• **What the task asks**
Leaving out the pictures, print exactly the lines from the one holding "корабль НАТО D37 DUNCAN" to the last line of the entries below, both included, and nothing more.

Data to use Start Marker

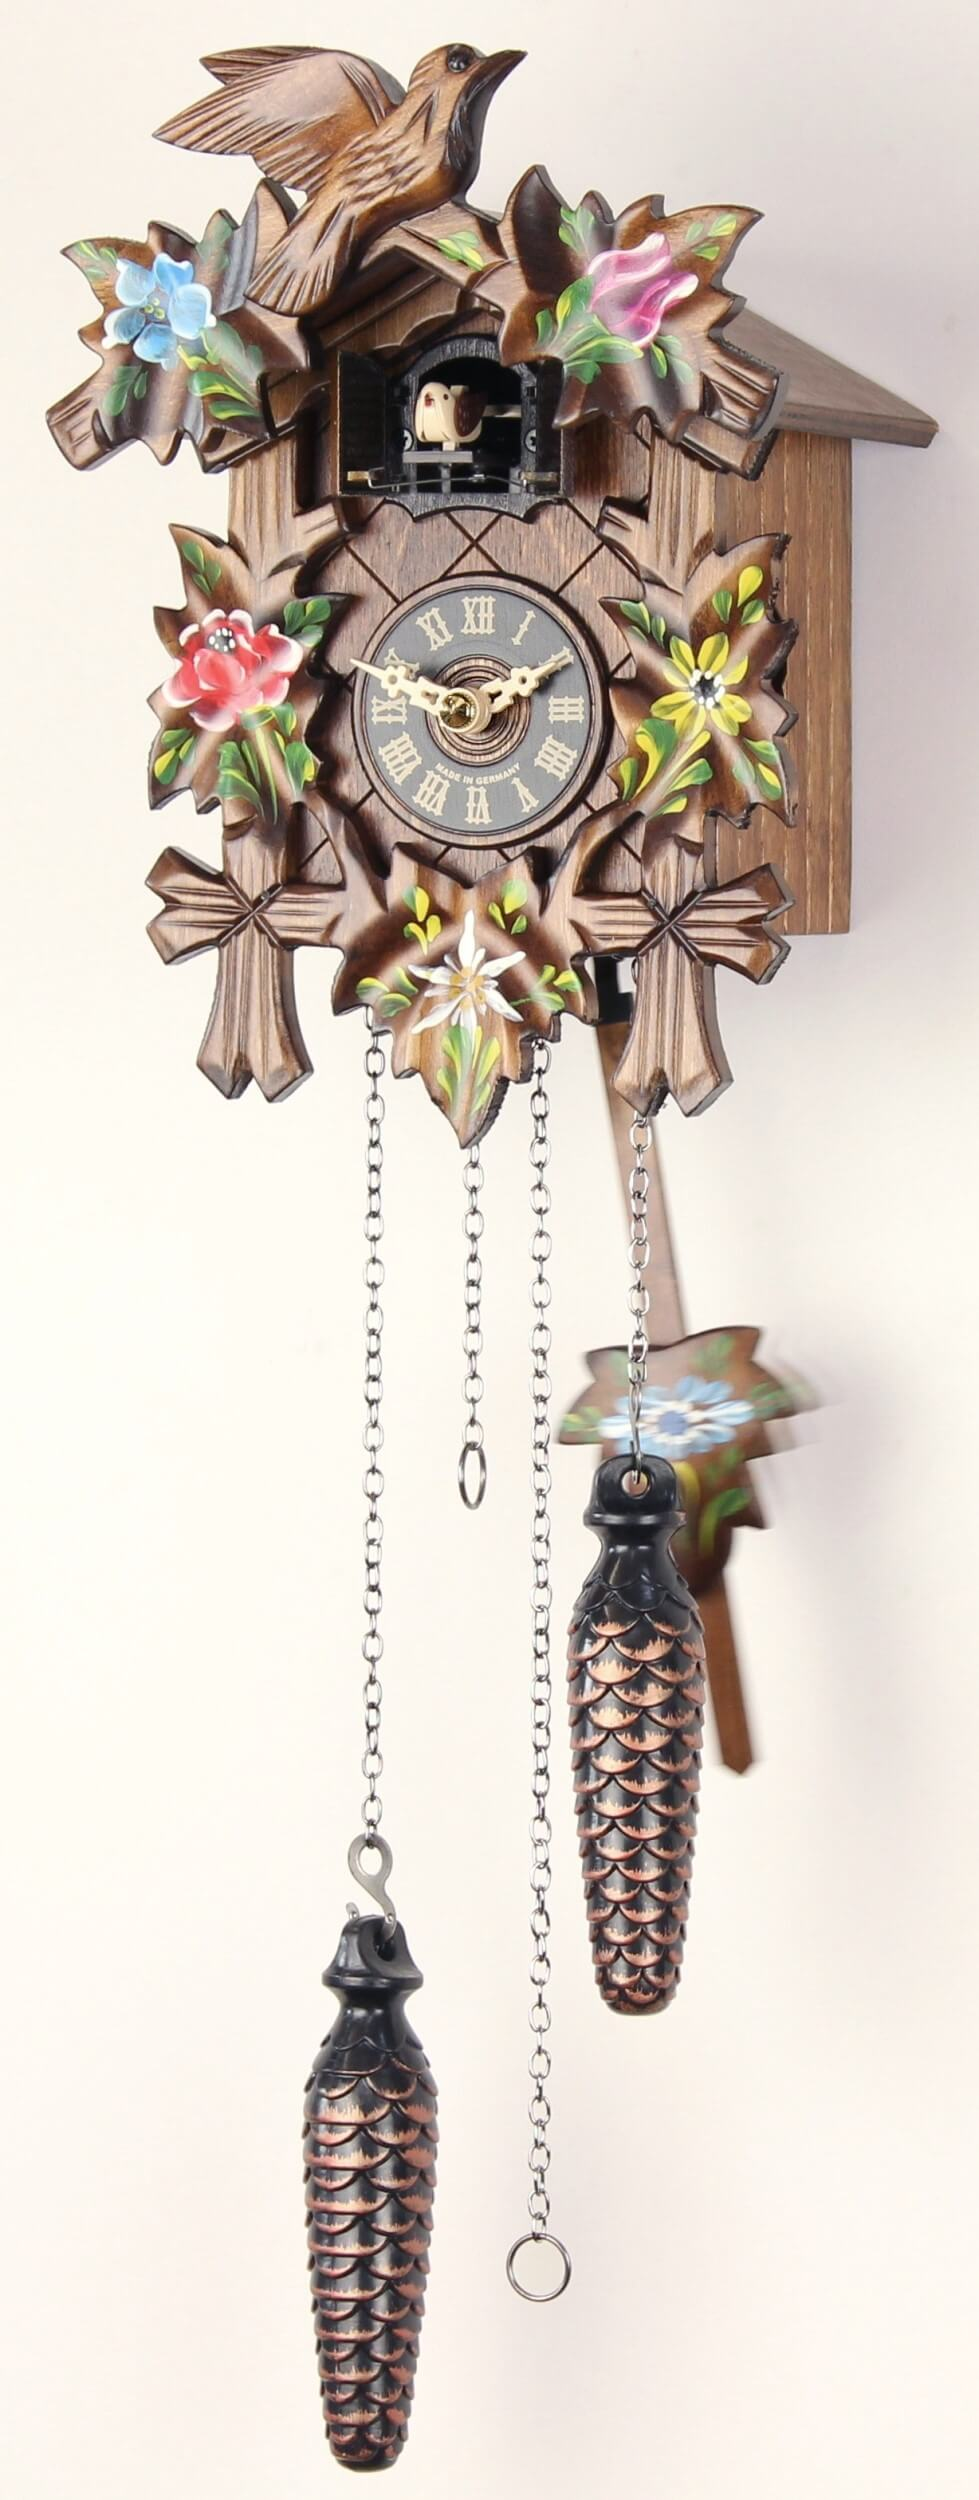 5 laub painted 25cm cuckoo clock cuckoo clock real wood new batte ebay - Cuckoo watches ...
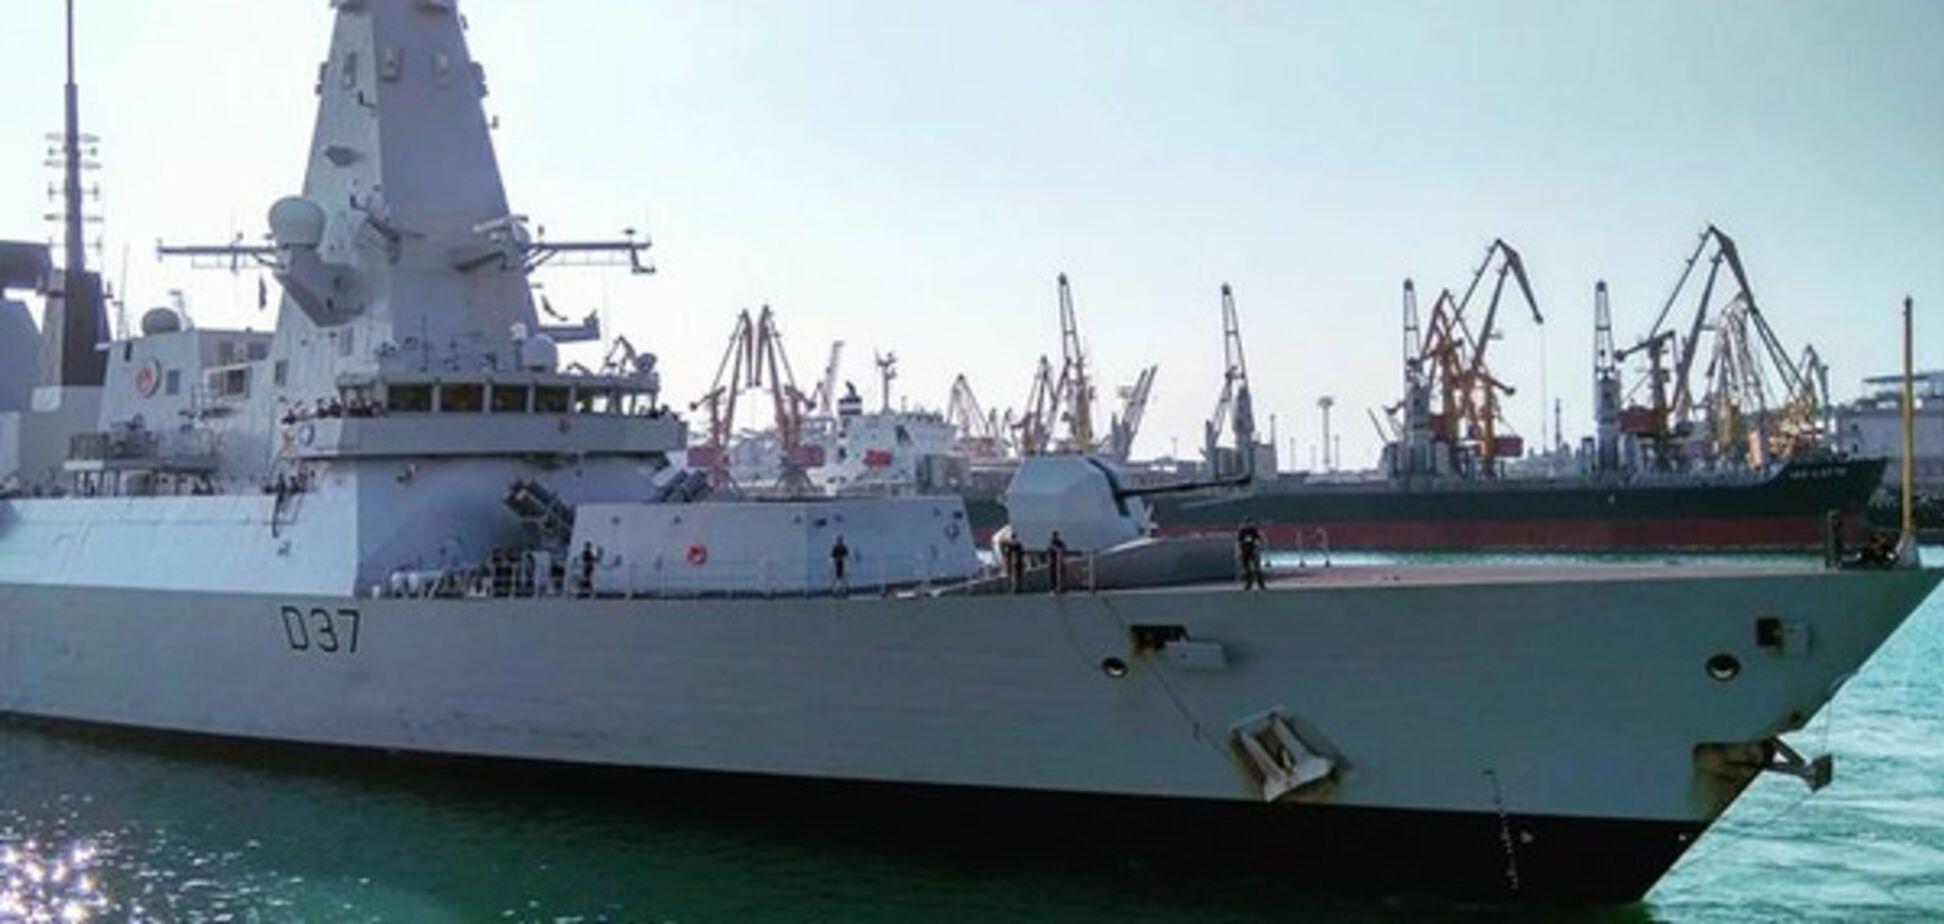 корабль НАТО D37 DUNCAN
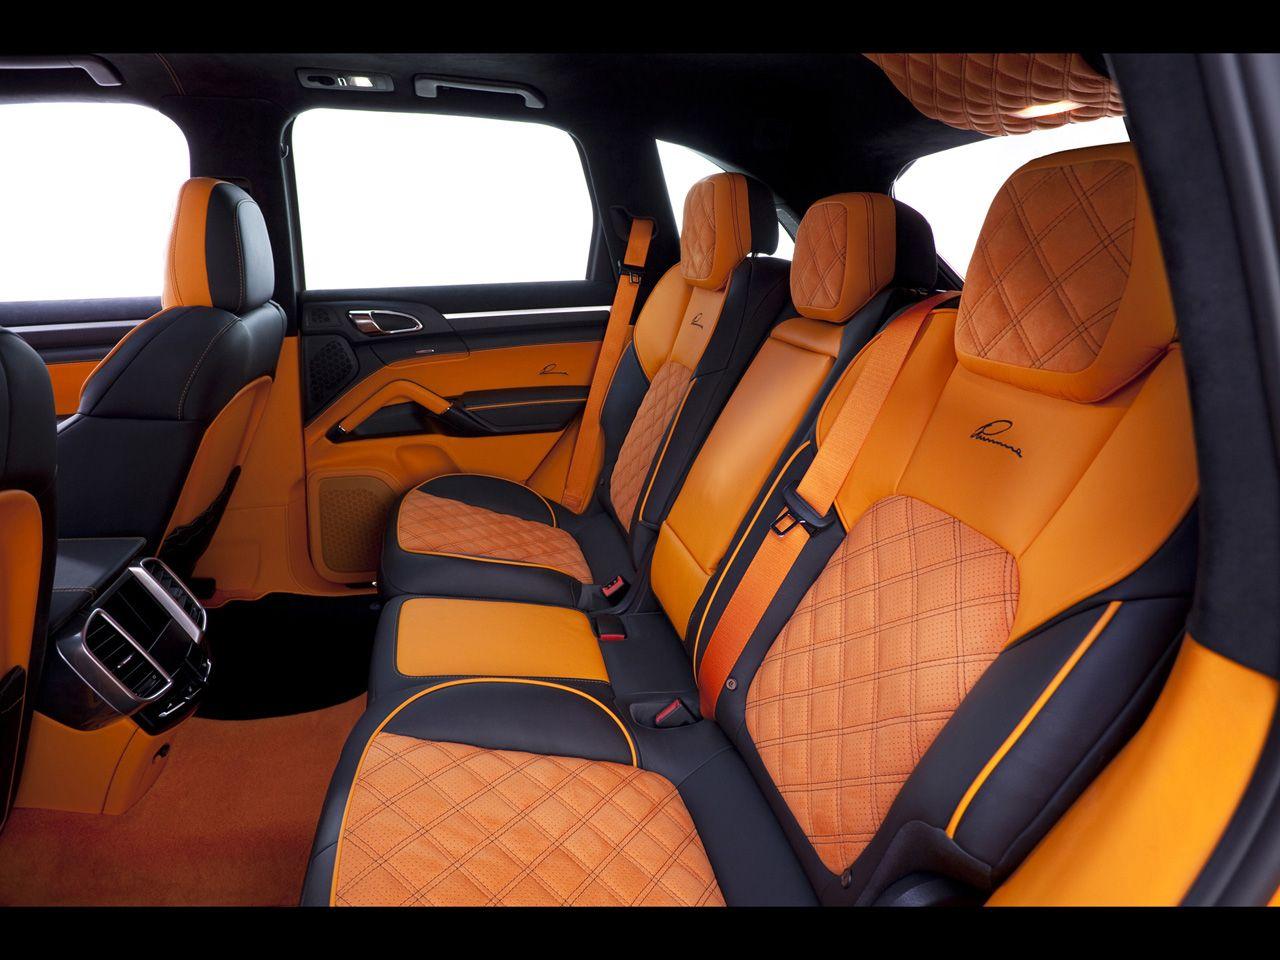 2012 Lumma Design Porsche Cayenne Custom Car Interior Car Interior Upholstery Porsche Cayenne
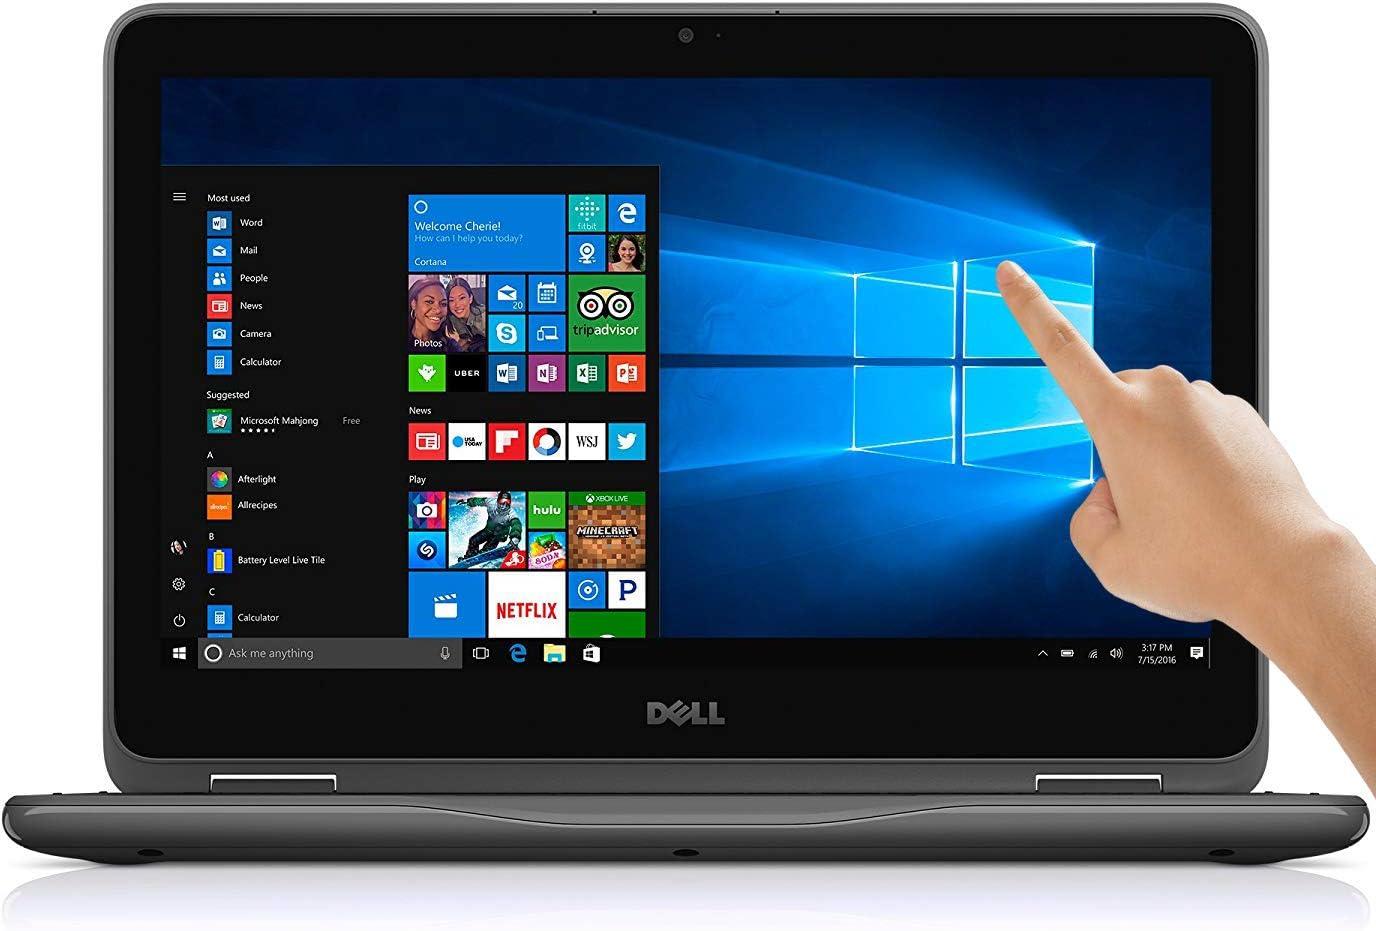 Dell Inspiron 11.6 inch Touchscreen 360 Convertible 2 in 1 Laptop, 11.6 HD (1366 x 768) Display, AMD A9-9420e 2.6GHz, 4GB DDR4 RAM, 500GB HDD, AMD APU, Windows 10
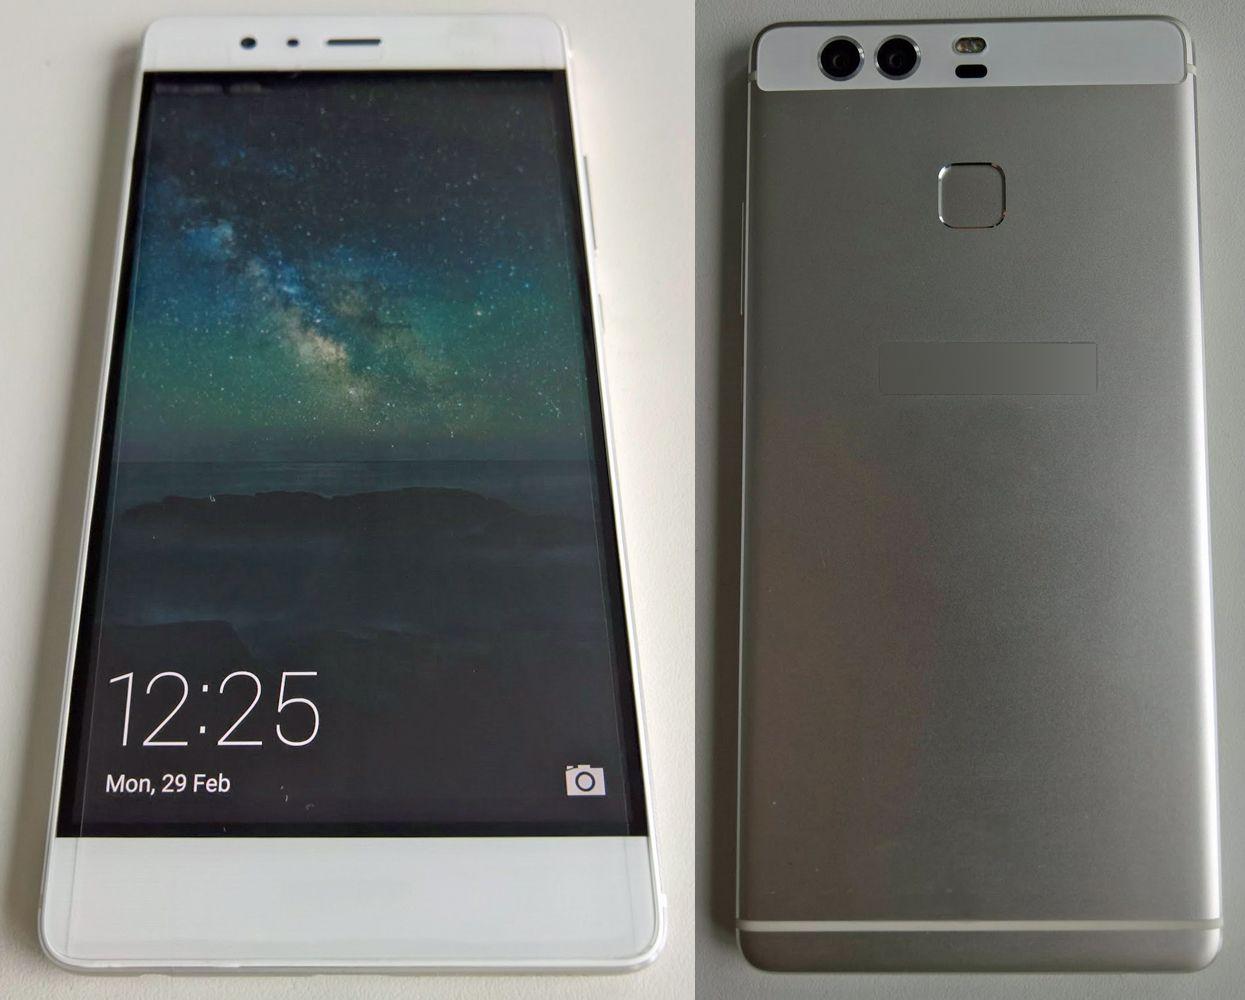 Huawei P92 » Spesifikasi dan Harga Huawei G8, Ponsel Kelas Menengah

Data to use End Marker

• **Response area**
 корабль НАТО D37 DUNCAN
 2012 Lumma Design Porsche Cayenne Custom Car Interior Car Interior Upholstery Porsche Cayenne
 Dell Inspiron 11.6 inch Touchscreen 360 Convertible 2 in 1 Laptop, 11.6 HD (1366 x 768) Display, AMD A9-9420e 2.6GHz, 4GB DDR4 RAM, 500GB HDD, AMD APU, Windows 10
 Huawei P92 » Spesifikasi dan Harga Huawei G8, Ponsel Kelas Menengah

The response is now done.